## YOUR TASK
Give exactly the lines from the one with "Hand Knotted Afghan" through the final line of the listing below, both included, leaving out any pictures.

## GIVEN DATA

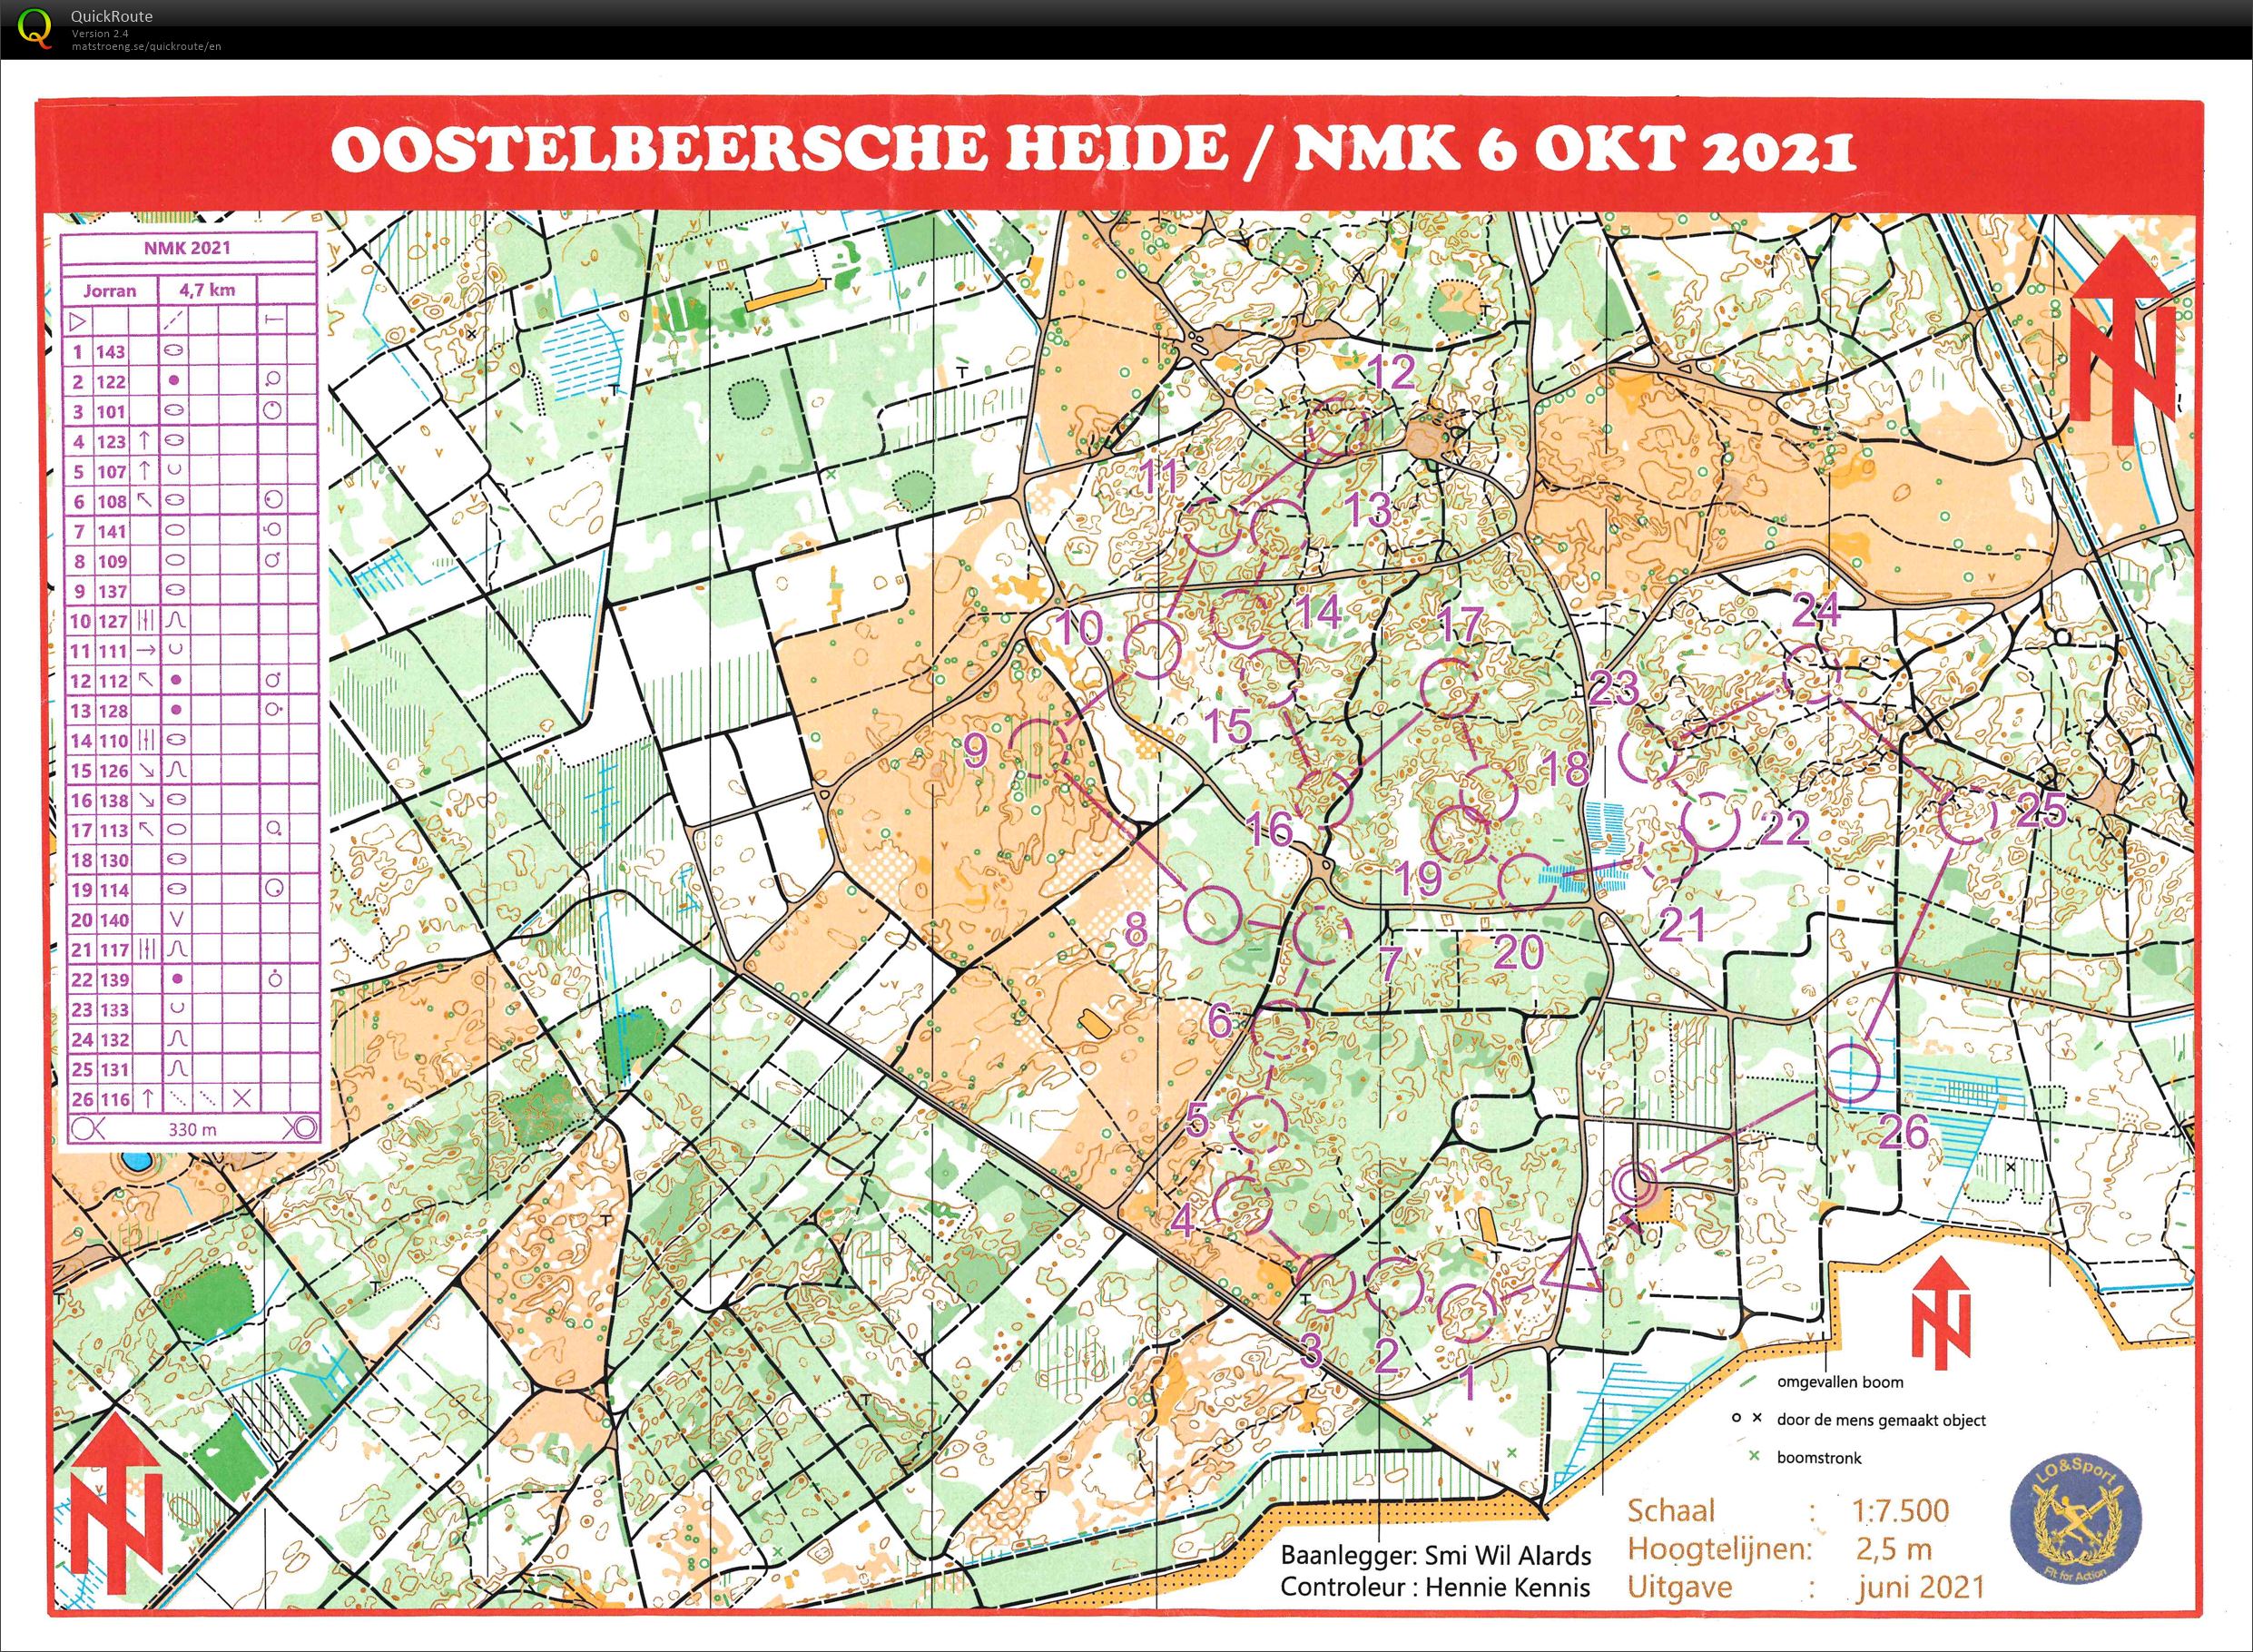 NMK Oostelbeersche Heide (06-10-2021)
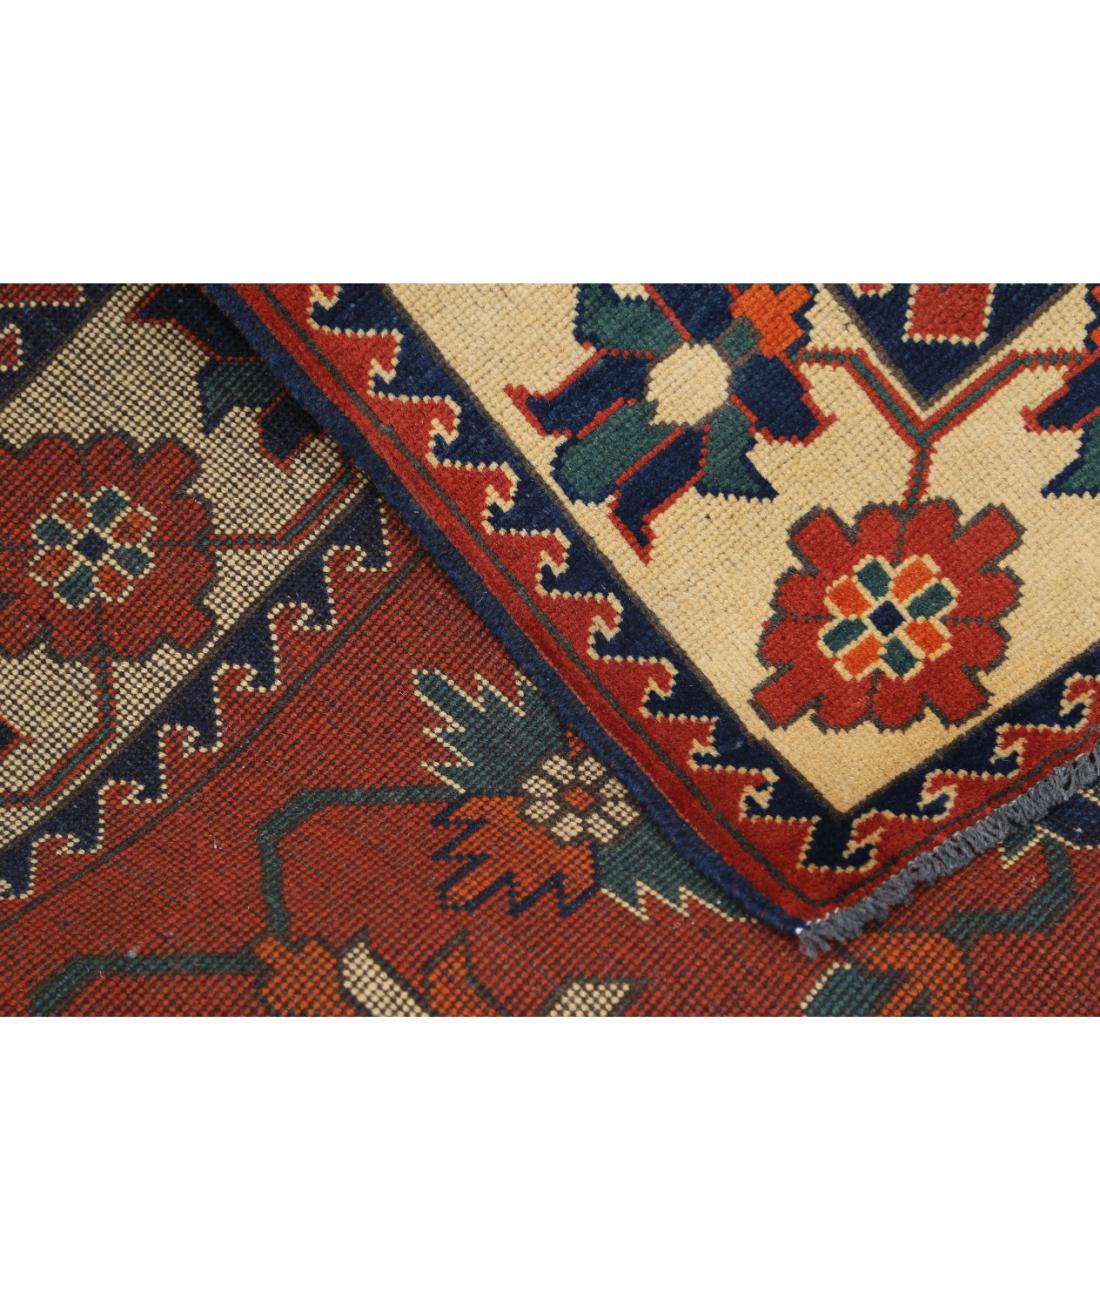 Hand Knotted Afghan Karghai Wool Rug - 4'10'' x 6'3'' 4' 10" X 6' 3" (147 X 191) / Rust / Beige
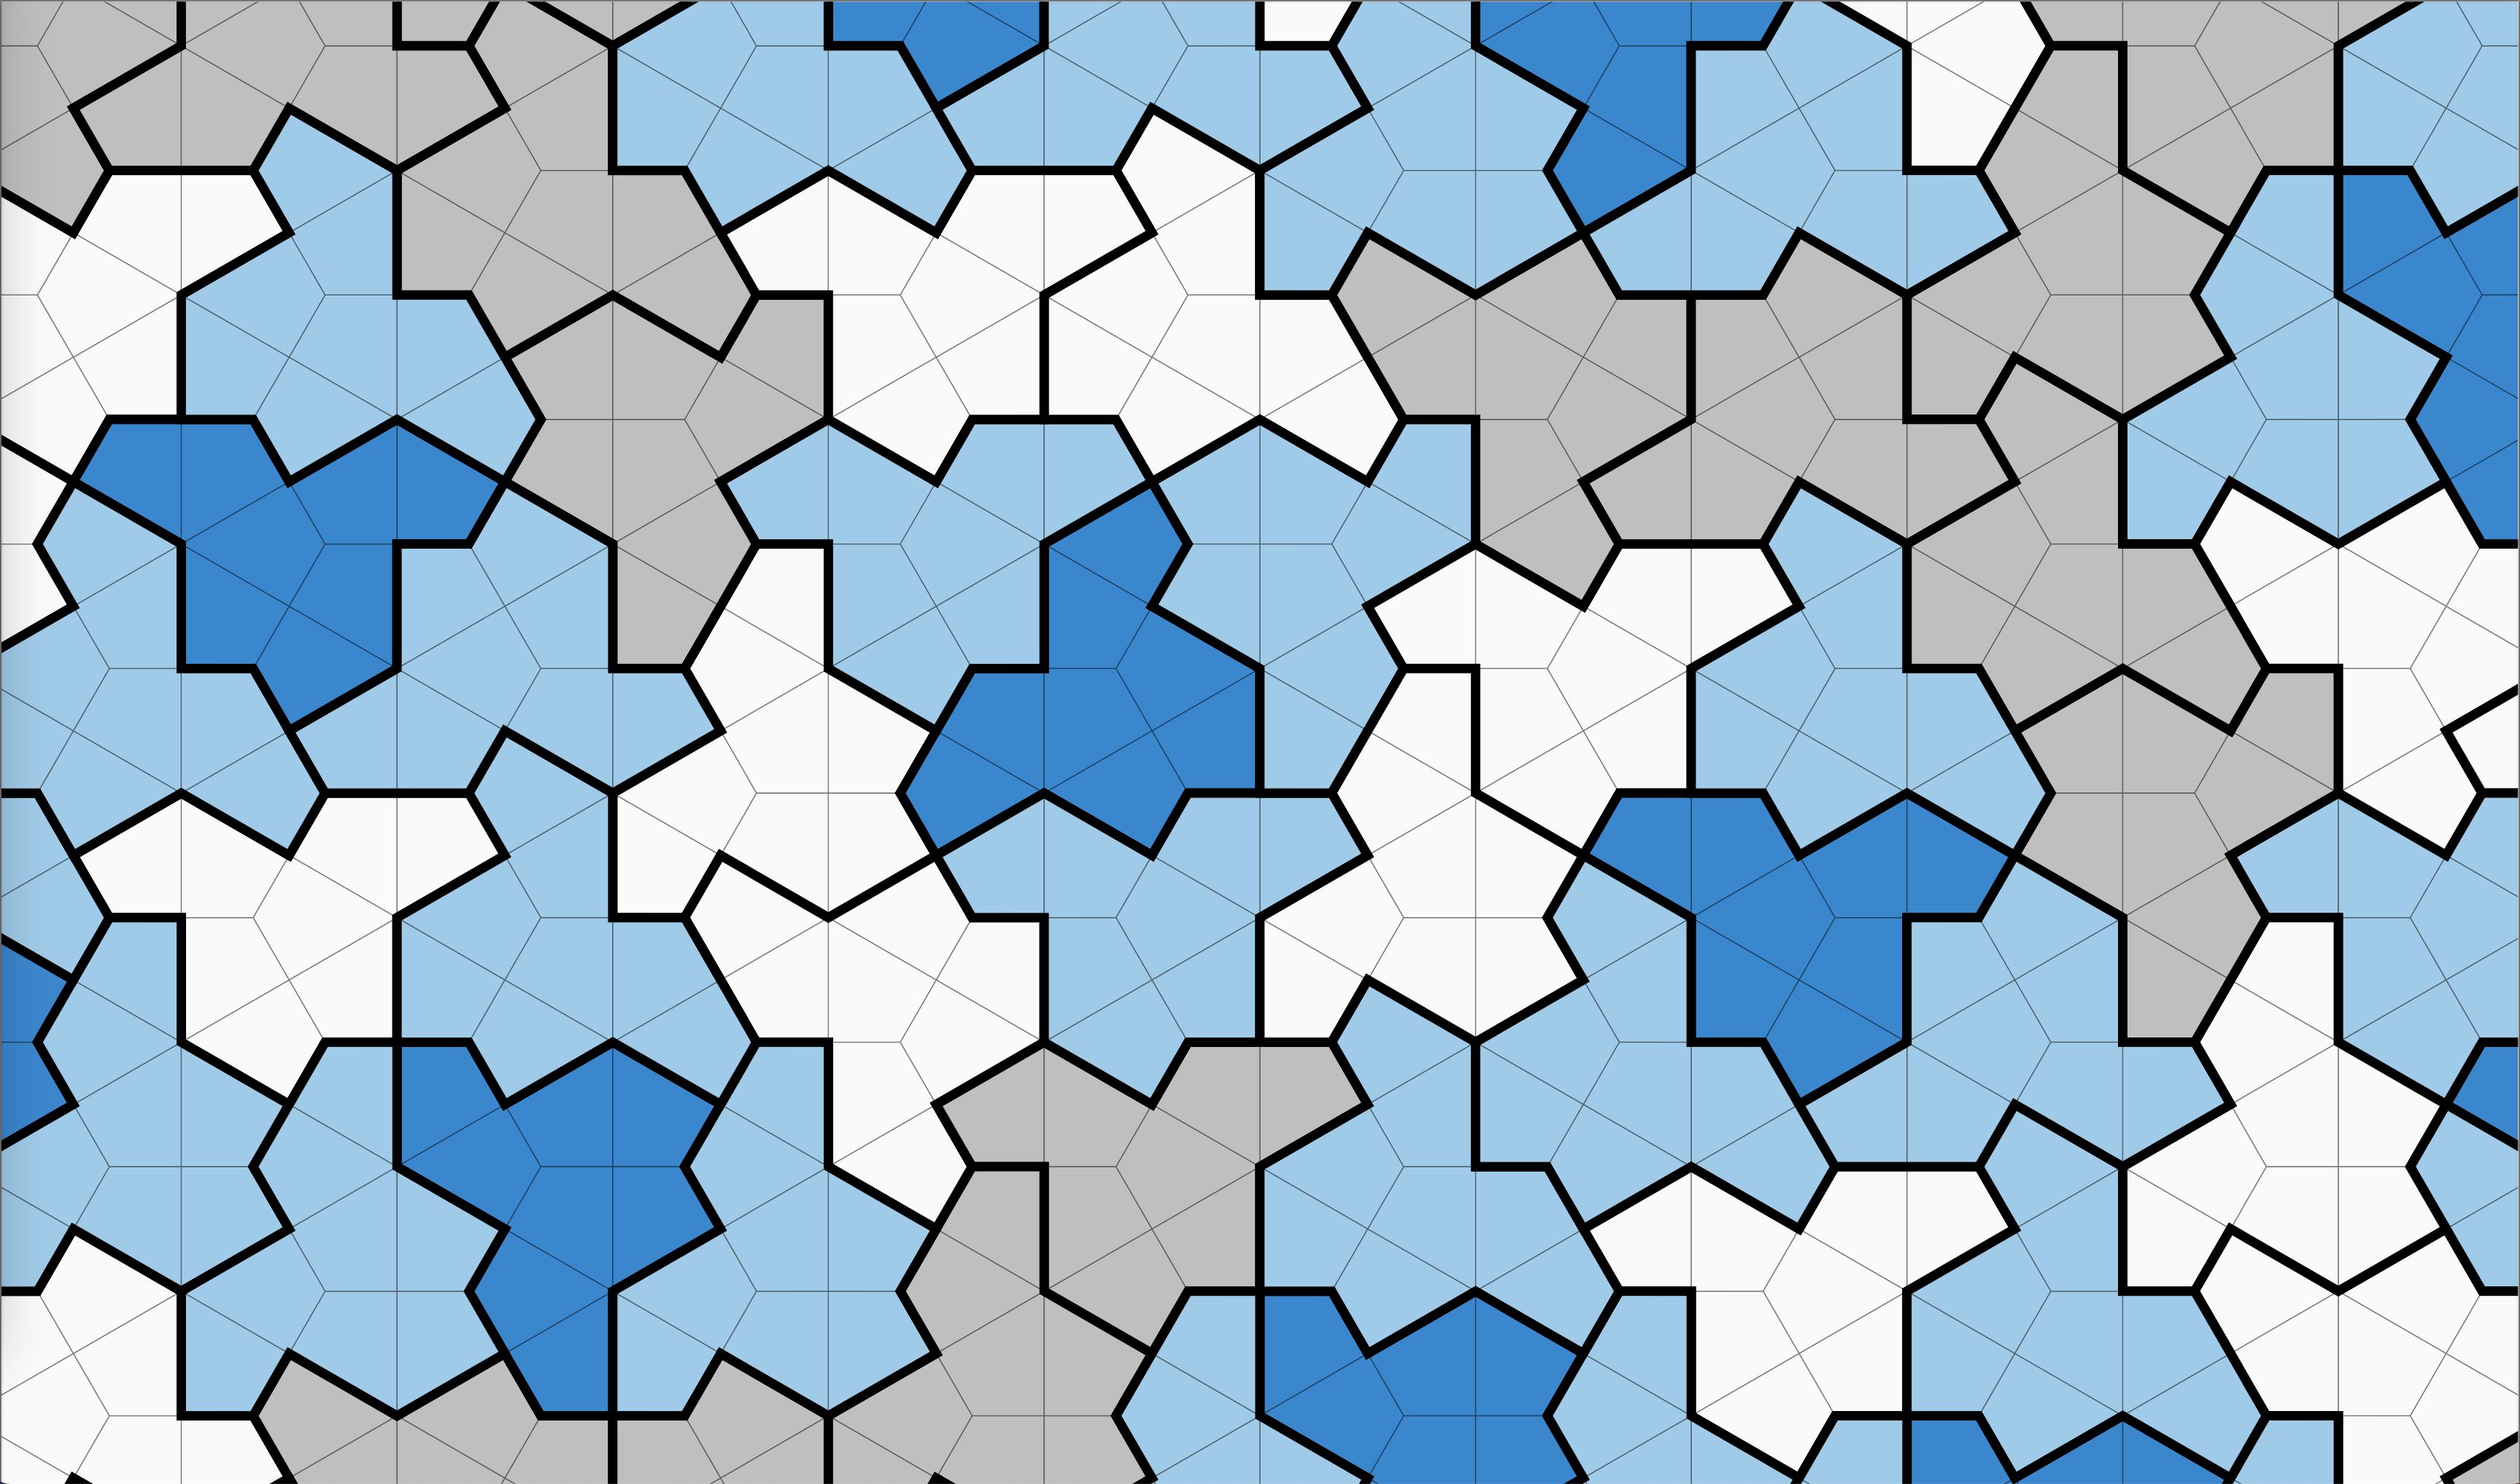 https://media.cnn.com/api/v1/images/stellar/prod/230331173106-hat-einstein-shape-tile-discovery-scn.jpg?c=original

## SOLUTION
 Hand Knotted Afghan Karghai Wool Rug - 4'10'' x 6'3'' 4' 10" X 6' 3" (147 X 191) / Rust / Beige
 https://media.cnn.com/api/v1/images/stellar/prod/230331173106-hat-einstein-shape-tile-discovery-scn.jpg?c=original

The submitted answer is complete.